I heard that dogs grow till 12 - 16 months, but Charlie and my other friend's Malteses grew up until 2 years. His weight settled in approx. 22 months and that was the time he stopped growing in his spine (I'm not sure, if I'm making a sense here)
Charlie's now 5 lbs at 3 years.

The final adult weight and size can be told by his parents. Charlie's dad is only 3.5 lbs - teeny tiny fluff. His mom is 5.8 lbs. So he's in that range. I wanted him to be a bit smaller at the beginning, but honestly I couldn't care less now, lol.


----------



## shellbeme (Mar 1, 2011)

Rocky stopped getting taller, longer, I guess that would be skeletal growth? at about 12 months of age, however he kept filling out, becoming more stocky (not fat) filling and and firming up until about 14-15 months. I'd say he's about 6.5 lb or so now.

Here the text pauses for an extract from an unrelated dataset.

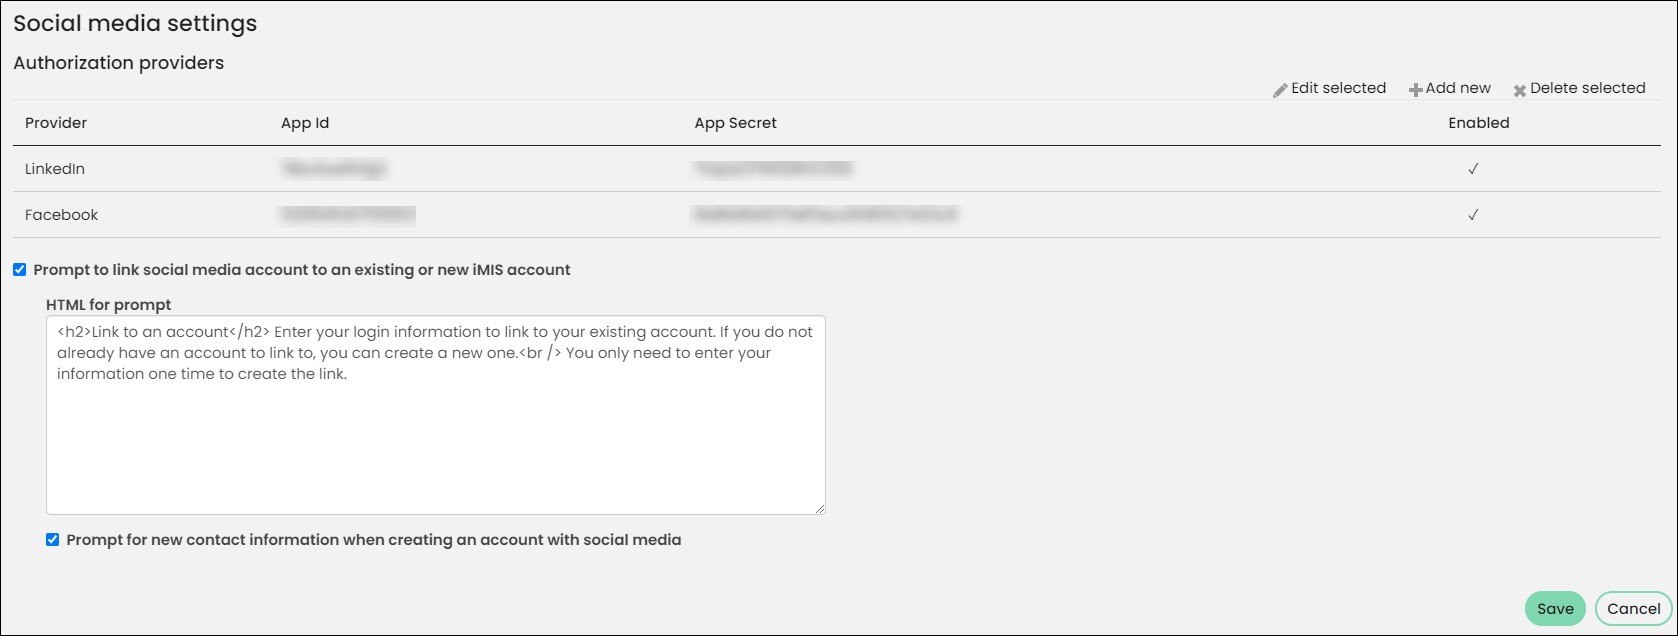 Ensuring the Contact Account Creator has an option to create an account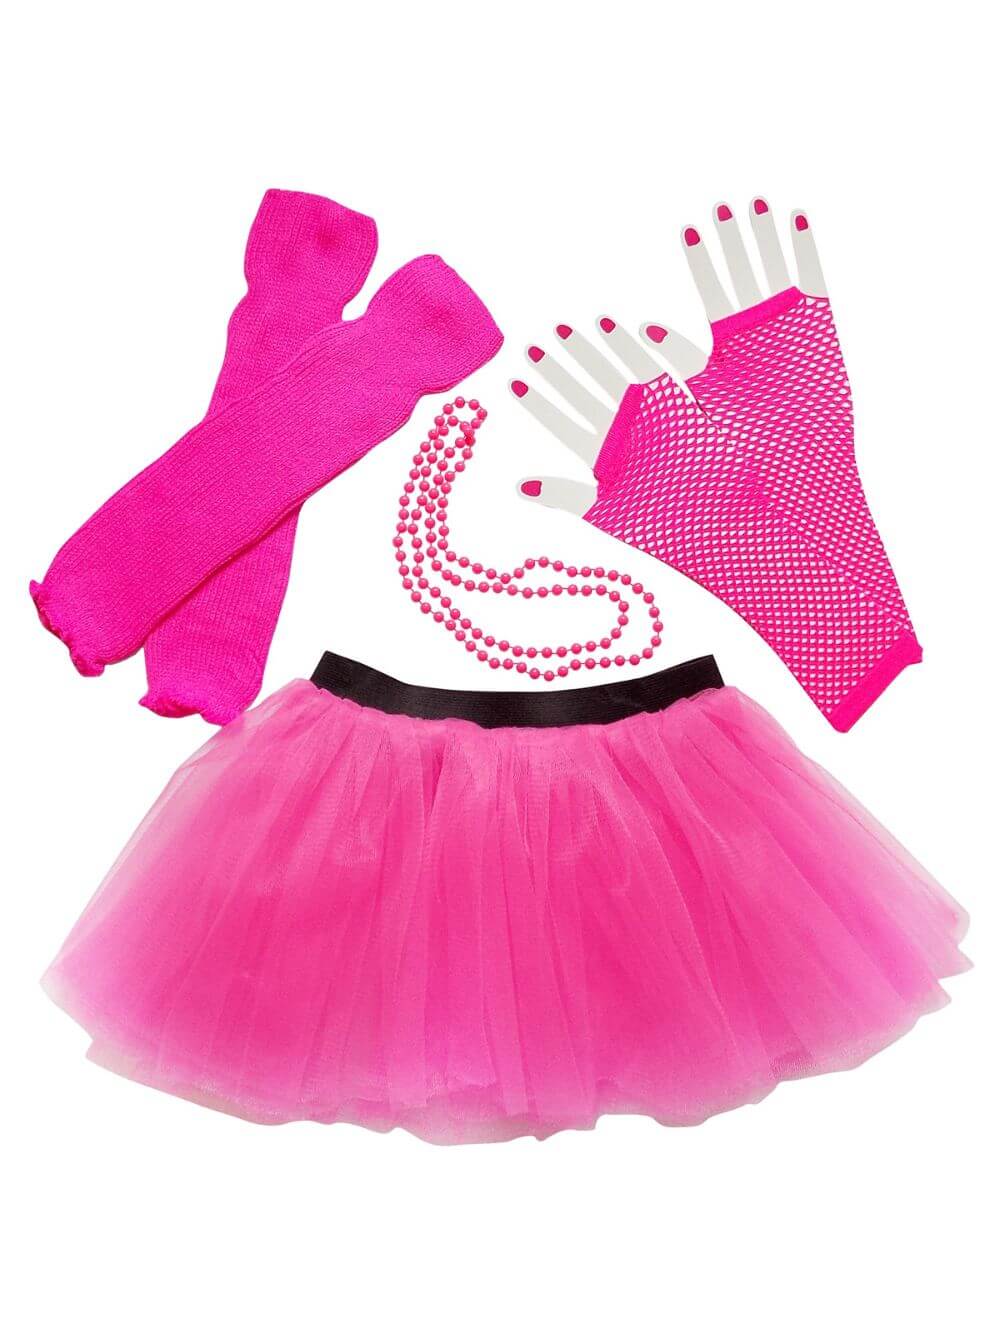 80s Costume for Teens or Women in Neon Hot Pink with Tutu & Accessories - Sydney So Sweet

I keep asking Tucker not to get any bigger than he is now (he's about 4 lb at 7 months) but I'm pretty sure he'll catch up to Rocky


----------



## aksm4 (Nov 28, 2011)

My Luna stop growing at 2 years old dhe is 5 .4 pounds a bit chubby  and Becky is almost 11 months last time she was weighed 4.8 pounds , she is long though and seems quite skinny to me , my vet tell me she is fine and good weight i feel her ribs and her spine it freaks me out especially when we bathe her , wish she fills in like Luna did


----------



## Furbabies mom (Jul 25, 2011)

aksm4 said:


> My Luna stop growing at 2 years old dhe is 5 .4 pounds a bit chubby  and Becky is almost 11 months last time she was weighed 4.8 pounds , she is long though and seems quite skinny to me , my vet tell me she is fine and good weight i feel her ribs and her spine it freaks me out especially when we bathe her , wish she fills in like Luna did


Ana I would love to see pictures of your girls. I think that Laurel stopped at 1 year. 6 pounds.


----------



## ToniLWilson (Sep 11, 2012)

At Bella's last check up she was 8.5lbs at almost a year old she probably won't be much more than this, which is ok with me I love my little baby


----------



## Orla (Jul 5, 2009)

Milo grew some more after he turned 1. He gained half a lb and grew taller.


----------



## Leila'sMommy (Oct 20, 2012)

Leila has been rapidly gaining since I got her. She's 4 mos and 5 1/2 lbs. Both of her parents are 4 lbs. I was hoping she would be about as big as she's going to get by now. I've read on here that some didn't get much bigger after they were her age. Oh well, I still love her no matter how big she gets. But I was just hoping for a small baby.


----------



## Grace'sMom (Feb 22, 2012)

Little dogs tend to stop growing around 18 months.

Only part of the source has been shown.